• Solved Math in BASH Part 2: bc question

@daniel-lowrie87

I have a question concerning bc. In your video “Math in BASH Part 2”, at 25 minutes in, you go over the script: 3bc_script.sh

When var5 is assigned the value that results from running the bc commands, how does it know to return the sum of foo1 + foo2 instead of just the text “EOF”? It's not like you explicit assigned a value to EOF, and there's nothing special about EOF other than it's the last line of the bc command set.

If we go into bc and type out the same lines from the bc command set, when we get to the end and type EOF, it just returns a syntax error, but when it's scripted, it just works.

I'm guessing that bc has a “result” value when it exits, populated by the most recent calculation. If this is the case, why is the EOF text even necessary? Why isn't: “var5=\$(bc <<” on it's own, good enough?

Thanks for any insight you may have, and thanks for the great set of BASH videos you and Ronnie have put out.

-Chris

• Hey Chris! I see that you're having a bit of trouble understanding the last example of "math in bash" using the bc tool. Let's see if we can't remove the fog and clear things up.

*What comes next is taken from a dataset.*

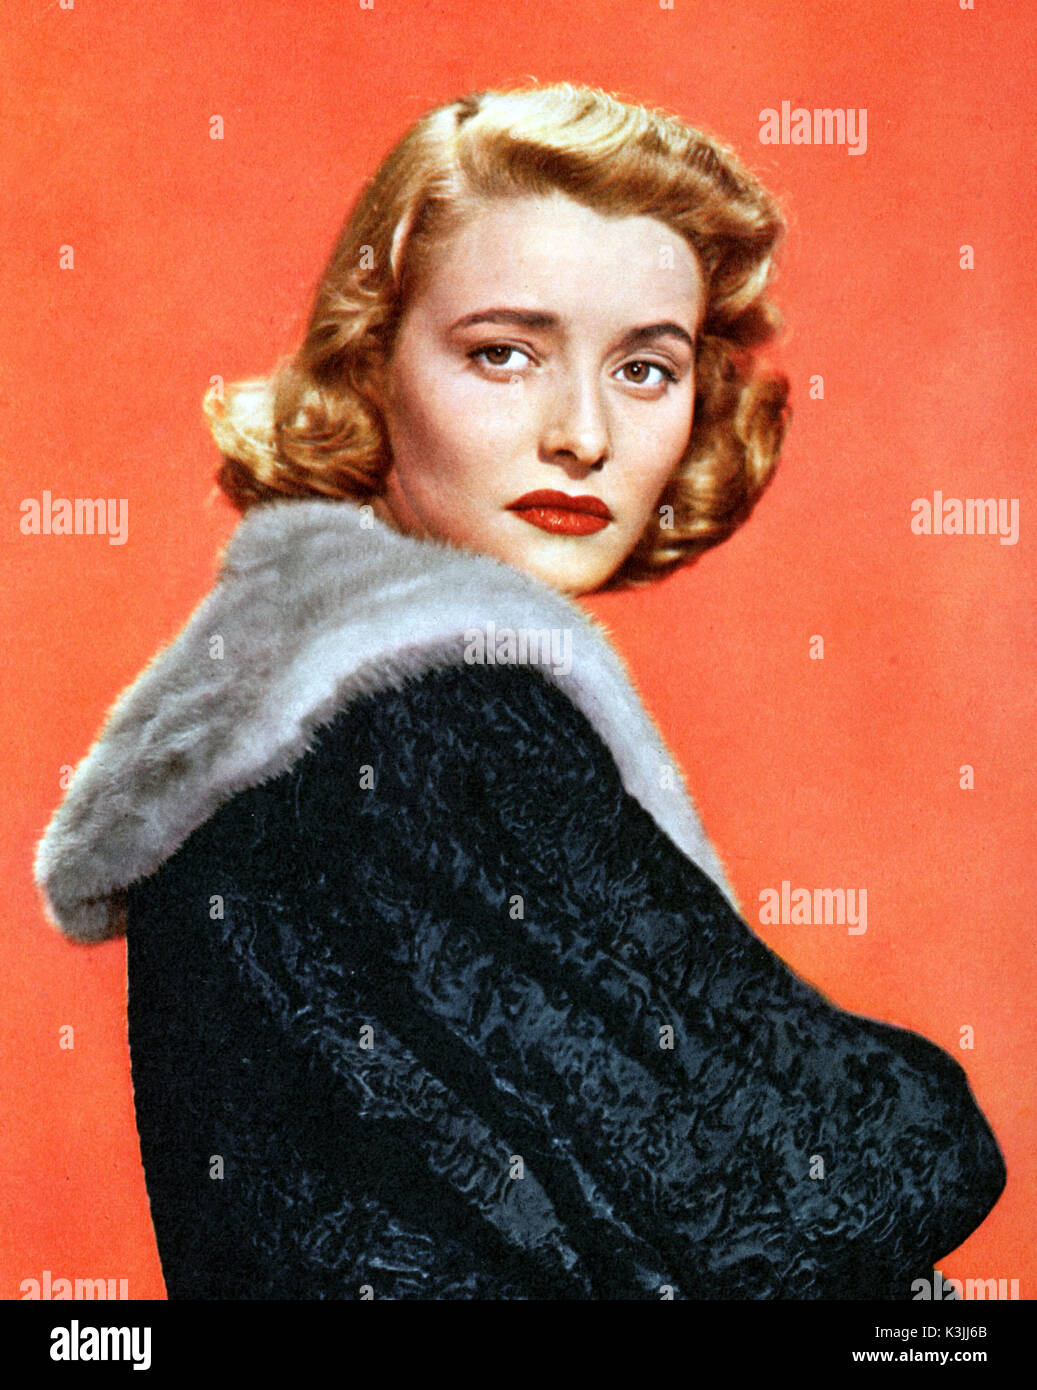 PATRICIA NEAL amerikanischer Schauspieler. Foto c 1950 Stockfoto

I looks like the first thing to address is the way in which we are using bc. In the example (3bc_script.sh), we have declared 4 BASH variables right out of the gate. They are var1/2/3/4. Then we create var5 which is special because var5 is going to get its value from the output of the bc tool. Here, we get to use the bc tool with the input redirector and that is the first key to what is going on and why we have EOF being used. Let's look at the code...

var5=\$(bc << EOF

I could have just as easily written this like this...

var5=\$(bc << shoes

or

var5=\$(bc << snorkel

All that EOF, or shoes, or snorkel is doing is telling bc that it has reached the end of the redirected input.

Then we start throwing bc syntax at bc...

scale = 4
foo1 = ( \$var1 * \$var2 )
foo2 = ( \$var3 * \$var4 )
foo1 + foo2
EOF
)

So here we have scale = 4, this is a special bc variable that truncates or extends the decimal place. In this case I've set it to 4 decimal places.

The next 2 lines are declaring variables in bc. bc is basically another scripting language that does math and in this little code block we are jumping into bc. I say this because, I don't want you to confuse the BASH variables with the bc variables (foo1 and foo2). So we are giving our bc variables some value and that value is the product of multiplying the values of our BASH variables \$var1 * \$var2 and \$var3 * \$var4 respectively. Now that our bc variables have value we can perform addition using those bc variables (foo1 + foo2).

Finally, we see our EOF. Now that we're done using bc for our math calculations, we need to jump out and EOF is how we do that. Again, this could be shoes or snorkel or anything else we want. Also don't forget to close your parenthesis for the var5 BASH variable.

Once we're out of bc and back into BASH, we can just echo the value of our var5 BASH variable, which gets its value from the bc script.

You can see this more simply by just using bc. Here is a modified version of the 3bc_script.sh script. Really the only difference is that we're not declaring BASH variables. At the terminal prompt just type...

bc << EOF
(You'll notice your prompt change. That's because you're now in bc)
>scale = 4
>foo1 = ( 4.56 * 5.67 )
>foo2 = ( 6.78 * 7.89 )
> foo1 + foo2
>EOF (This is to let bc know you're done and to jump back to BASH and display the answer to standard output)
79.3494 (Now you're back in BASH)

Hopefully that helps you out. If you're still having trouble please feel free to reply back with your questions. I'm happy to do all that I can to help you.

Cheers,
Daniel Lowrie

ITProTV
Show Host

• @daniel-lowrie87
Hi Dan,

OK, I see now. You are assigning an exit statement. It was clear that what you were doing in the video works, it just was bothering me as to HOW it works, I was assuming EOF, or shoe, or snorkel were variables that were getting the answer value assigned to it.

I suspected that it's something that is used in other shell programs and knowing what the mechanism is would be useful to know in case it is a feature of other shell programs, rather than it just being a quirky way that bc works.

You touched on it in the video, when you mentioned that you were using an advanced version of I/O redirection "<< ", and your example helps, and I see now that you comment that it is inline input redirection in the script, but it was still a little muddy. Luckily I have a co-worker that was able to expand on what you were doing there. I'm sure you would have come to similar explanation if I was more clear on what I was troubled with.

He told me that we are using a Here Tag and that bc complies with the Here Document convention, and yes that they are used with other shell programs.

Playing around with the idea I changed the script a bit, and it seems to be working.

var5=\$(bc << ExitHere
scale = 4
foo1 = ( \$var1 * \$var2 )
foo2 = ( \$var3 * \$var4 )
#foo1 + foo2
foo1 - foo2
ExitHere
#foo1 * foo2
#foo1 / foo2
)

Anyway, thanks again for the reply. Hopefully I've got it now.